SEVENTHAMENDMENT TO SECONDAMENDED AND RESTATED CREDIT AGREEMENT
Exhibit 10.1
SEVENTH AMENDMENT TO
SECOND AMENDED AND RESTATED CREDIT AGREEMENT
THIS SEVENTH AMENDMENT TO SECOND AMENDED AND RESTATED CREDIT AGREEMENT (this Amendment), dated as of June 18, 2009 and effective as of the date on which all of the conditions set forth in Section 5 have been satisfied or waived by the Administrative Agent (the Amendment Effective Date), which amends that certain Second Amended and Restated Credit Agreement dated as of March 30, 2006, as amended by the First Amendment to Second Amended and Restated Credit Agreement dated as of May 2, 2006, the Second Amendment to Second Amended and Restated Credit Agreement dated as of October 25, 2006, the Third Amendment to Second Amended and Restated Credit Agreement dated as of November 29, 2006, the Fourth Amendment to Second Amended and Restated Credit Agreement dated as of March 1, 2007, the Fifth Amendment to Second Amended and Restated Credit Agreement dated as of May 7, 2007, and the Sixth Amendment to Second Amended and Restated Credit Agreement dated as of May 9, 2008, by and among VENOCO, INC., a Delaware corporation (the Company), the Guarantors, each of the Lenders party thereto, BANK OF MONTREAL, a Canadian chartered bank acting through certain of its U.S. branches or agencies, as Administrative Agent (in such capacity, the Administrative Agent), CREDIT SUISSE, CAYMAN ISLANDS BRANCH, and LEHMAN COMMERCIAL PAPER INC., as Co-Syndication Agents and FORTIS CAPITAL CORP., as Documentation Agent (as in effect immediately prior to the Amendment Effective Date, the Credit Agreement), is by and among the Company, the Guarantors, each of the Lenders party hereto and the Administrative Agent.
WHEREAS, the Company has requested that the Credit Agreement be amended to make certain changes to the Credit Agreement on the terms and conditions set forth in this Amendment; and
WHEREAS, the Supermajority Lenders have agreed to such amendments subject to the terms and conditions set forth in this Amendment.

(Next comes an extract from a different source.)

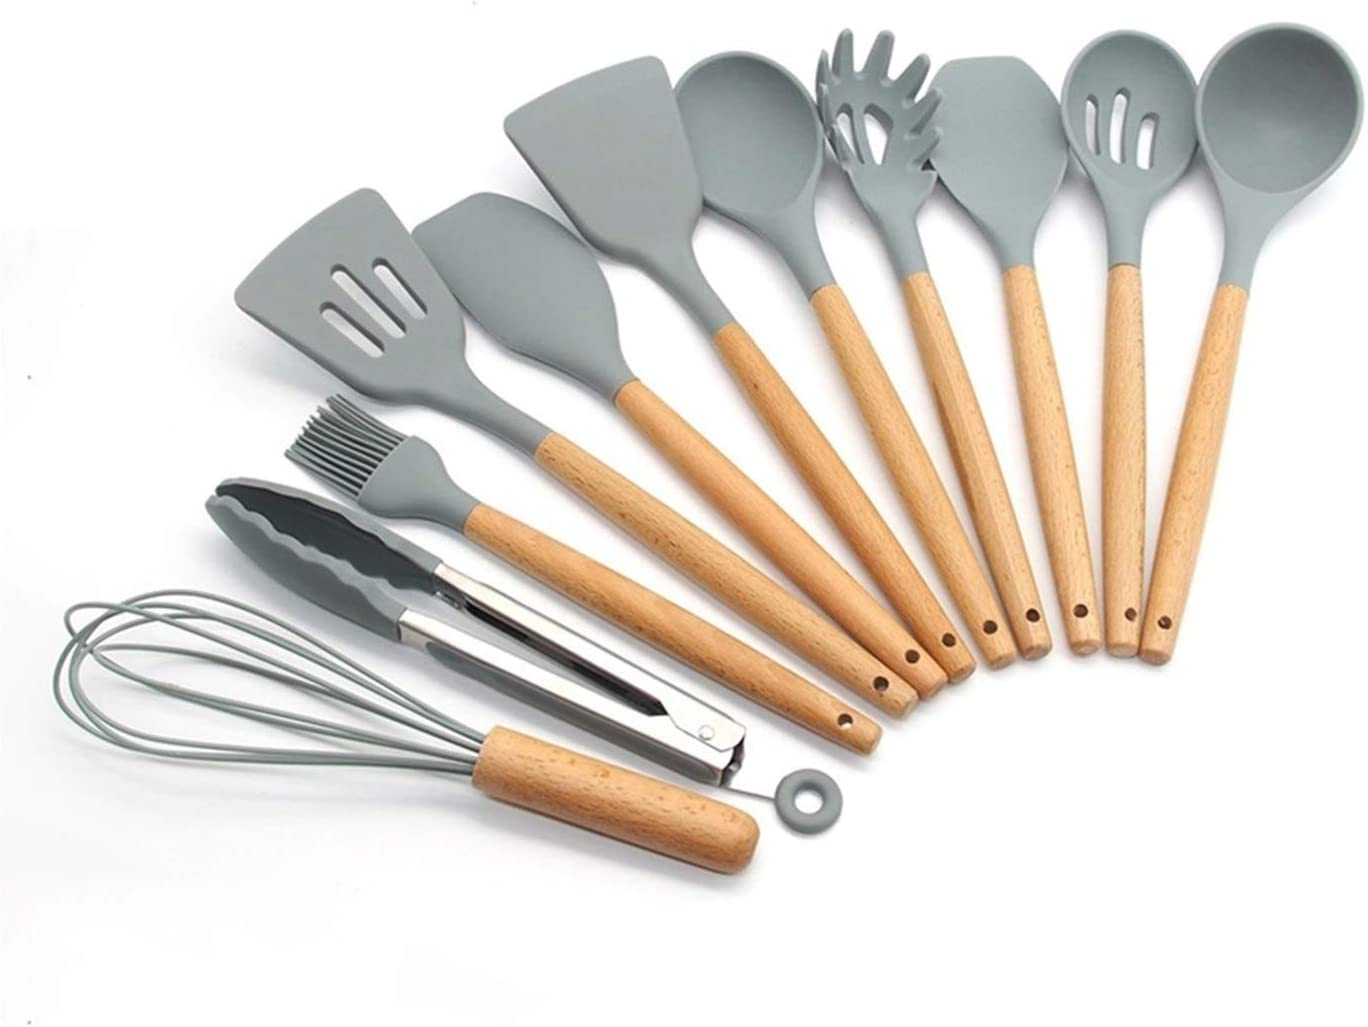 Louisville-Jefferson County Mall NDJPN Silicone Cooking Utensils 11 13Pcs Utensil 12 Set Free shipping on posting reviews Kitchen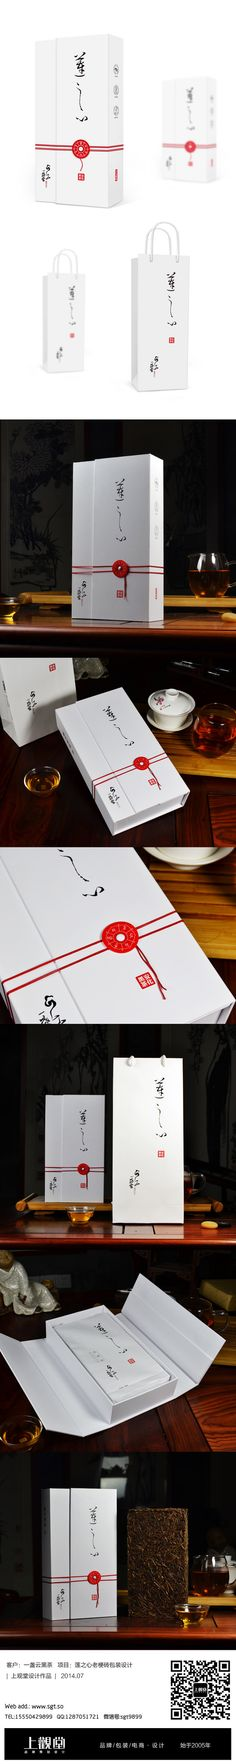 〓上观堂设计案例〓一盏云野生黑茶莲之心包...@魚羊走召采集到包裝(1597图)_花瓣平面设计 Medicine Packaging, Tea Packaging, Packaging Design, Branding Design, Tea Design, Cafe Design, Fashion Packaging, Japanese Graphic Design, Japan Design

NOW, THEREFORE, in consideration of the mutual agreements, provisions and covenants contained herein and other good and valuable consideration, the receipt and adequacy of which are hereby acknowledged, the parties hereto, intending to be legally bound, hereby agree as follows:
Section 1. Defined Terms; Interpretation.
(a) Capitalized terms used but not otherwise defined herein shall have the meanings assigned such terms in the Credit Agreement.
(b) The rules of interpretation set forth in Section 1.2 of the Credit Agreement are incorporated in this Amendment as if set forth herein.
Section 2. Borrowing Base. The Lenders hereby approve a Borrowing Base of $125,000,000 as of the Amendment Effective Date. Such determination shall constitute the current annual Borrowing Base determination for purposes of Section 2.6(b) of the Credit Agreement.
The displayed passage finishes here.